Records contained in a dataset:
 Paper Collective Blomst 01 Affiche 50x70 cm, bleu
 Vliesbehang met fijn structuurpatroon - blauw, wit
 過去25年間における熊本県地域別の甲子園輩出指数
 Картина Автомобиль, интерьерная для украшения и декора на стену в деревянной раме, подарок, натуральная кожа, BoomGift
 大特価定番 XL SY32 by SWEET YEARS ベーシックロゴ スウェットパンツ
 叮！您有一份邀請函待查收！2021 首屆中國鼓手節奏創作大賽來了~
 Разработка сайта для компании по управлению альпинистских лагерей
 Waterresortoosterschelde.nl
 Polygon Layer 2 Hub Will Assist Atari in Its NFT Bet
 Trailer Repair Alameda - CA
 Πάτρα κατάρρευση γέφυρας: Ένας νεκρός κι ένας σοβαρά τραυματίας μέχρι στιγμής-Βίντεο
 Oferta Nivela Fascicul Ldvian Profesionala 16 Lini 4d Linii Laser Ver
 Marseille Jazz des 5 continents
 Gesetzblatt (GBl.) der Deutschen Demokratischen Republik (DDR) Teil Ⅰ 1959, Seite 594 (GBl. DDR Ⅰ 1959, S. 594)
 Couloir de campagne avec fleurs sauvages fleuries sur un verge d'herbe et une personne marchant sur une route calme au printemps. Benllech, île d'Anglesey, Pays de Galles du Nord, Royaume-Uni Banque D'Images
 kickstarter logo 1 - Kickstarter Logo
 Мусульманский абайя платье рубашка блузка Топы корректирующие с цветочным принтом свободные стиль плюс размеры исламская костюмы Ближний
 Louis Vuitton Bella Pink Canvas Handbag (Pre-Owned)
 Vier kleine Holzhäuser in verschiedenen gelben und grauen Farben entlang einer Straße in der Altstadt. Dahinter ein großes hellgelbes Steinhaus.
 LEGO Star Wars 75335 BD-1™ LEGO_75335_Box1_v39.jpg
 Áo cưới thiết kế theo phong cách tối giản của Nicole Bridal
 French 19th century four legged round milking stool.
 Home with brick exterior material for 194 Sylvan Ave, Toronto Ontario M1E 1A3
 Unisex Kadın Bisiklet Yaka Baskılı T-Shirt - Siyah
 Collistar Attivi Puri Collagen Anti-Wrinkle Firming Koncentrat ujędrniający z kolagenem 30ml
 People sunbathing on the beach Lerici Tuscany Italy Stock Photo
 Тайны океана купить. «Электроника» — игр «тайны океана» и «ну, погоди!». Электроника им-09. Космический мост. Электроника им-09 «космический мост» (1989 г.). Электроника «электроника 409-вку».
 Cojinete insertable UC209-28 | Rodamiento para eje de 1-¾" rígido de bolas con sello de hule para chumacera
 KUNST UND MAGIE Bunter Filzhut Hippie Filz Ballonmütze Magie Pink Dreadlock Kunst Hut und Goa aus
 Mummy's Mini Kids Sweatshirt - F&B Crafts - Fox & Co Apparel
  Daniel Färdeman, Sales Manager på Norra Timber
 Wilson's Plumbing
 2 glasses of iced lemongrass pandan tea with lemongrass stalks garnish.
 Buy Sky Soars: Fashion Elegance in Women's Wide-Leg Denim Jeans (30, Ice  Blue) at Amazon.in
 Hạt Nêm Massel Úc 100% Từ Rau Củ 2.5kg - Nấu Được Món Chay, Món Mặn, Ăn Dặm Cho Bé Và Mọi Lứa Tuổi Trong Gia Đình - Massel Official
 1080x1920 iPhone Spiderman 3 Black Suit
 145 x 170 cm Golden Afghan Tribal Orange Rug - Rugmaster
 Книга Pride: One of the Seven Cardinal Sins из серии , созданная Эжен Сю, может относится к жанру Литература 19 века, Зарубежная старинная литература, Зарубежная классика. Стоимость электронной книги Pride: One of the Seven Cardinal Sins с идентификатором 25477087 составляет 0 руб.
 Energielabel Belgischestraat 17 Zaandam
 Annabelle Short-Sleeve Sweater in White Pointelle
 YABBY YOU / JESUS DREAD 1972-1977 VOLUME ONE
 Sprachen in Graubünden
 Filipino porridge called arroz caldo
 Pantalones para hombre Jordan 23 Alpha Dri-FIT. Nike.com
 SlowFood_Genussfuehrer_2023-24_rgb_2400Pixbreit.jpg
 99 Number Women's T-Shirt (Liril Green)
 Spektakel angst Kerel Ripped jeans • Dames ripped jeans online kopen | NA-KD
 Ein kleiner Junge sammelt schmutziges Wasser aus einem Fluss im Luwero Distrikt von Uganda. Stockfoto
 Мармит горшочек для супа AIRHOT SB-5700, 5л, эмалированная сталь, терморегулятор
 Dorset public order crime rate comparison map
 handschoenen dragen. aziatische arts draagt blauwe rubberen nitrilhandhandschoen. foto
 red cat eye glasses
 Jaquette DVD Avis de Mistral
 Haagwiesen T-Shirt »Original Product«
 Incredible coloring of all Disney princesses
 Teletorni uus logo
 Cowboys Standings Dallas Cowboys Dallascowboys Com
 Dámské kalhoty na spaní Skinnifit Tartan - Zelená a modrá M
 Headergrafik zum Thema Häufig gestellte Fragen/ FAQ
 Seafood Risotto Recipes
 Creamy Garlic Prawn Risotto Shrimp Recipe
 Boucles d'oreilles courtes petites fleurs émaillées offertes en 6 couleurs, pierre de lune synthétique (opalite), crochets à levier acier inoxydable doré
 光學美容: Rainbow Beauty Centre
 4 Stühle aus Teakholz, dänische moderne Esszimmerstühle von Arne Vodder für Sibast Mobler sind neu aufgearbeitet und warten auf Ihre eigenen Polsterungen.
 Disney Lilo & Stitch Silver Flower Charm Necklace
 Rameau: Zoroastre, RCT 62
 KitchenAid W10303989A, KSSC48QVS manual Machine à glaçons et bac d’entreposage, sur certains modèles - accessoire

PROBLEM DETAILS >> Could you restate, word for word, the lines above from the one with "KUNST UND MAGIE" to the one with "Buy Sky Soars: Fashion", both included?

ANSWER TO THE EXERCISE >>
 KUNST UND MAGIE Bunter Filzhut Hippie Filz Ballonmütze Magie Pink Dreadlock Kunst Hut und Goa aus
 Mummy's Mini Kids Sweatshirt - F&B Crafts - Fox & Co Apparel
  Daniel Färdeman, Sales Manager på Norra Timber
 Wilson's Plumbing
 2 glasses of iced lemongrass pandan tea with lemongrass stalks garnish.
 Buy Sky Soars: Fashion Elegance in Women's Wide-Leg Denim Jeans (30, Ice  Blue) at Amazon.in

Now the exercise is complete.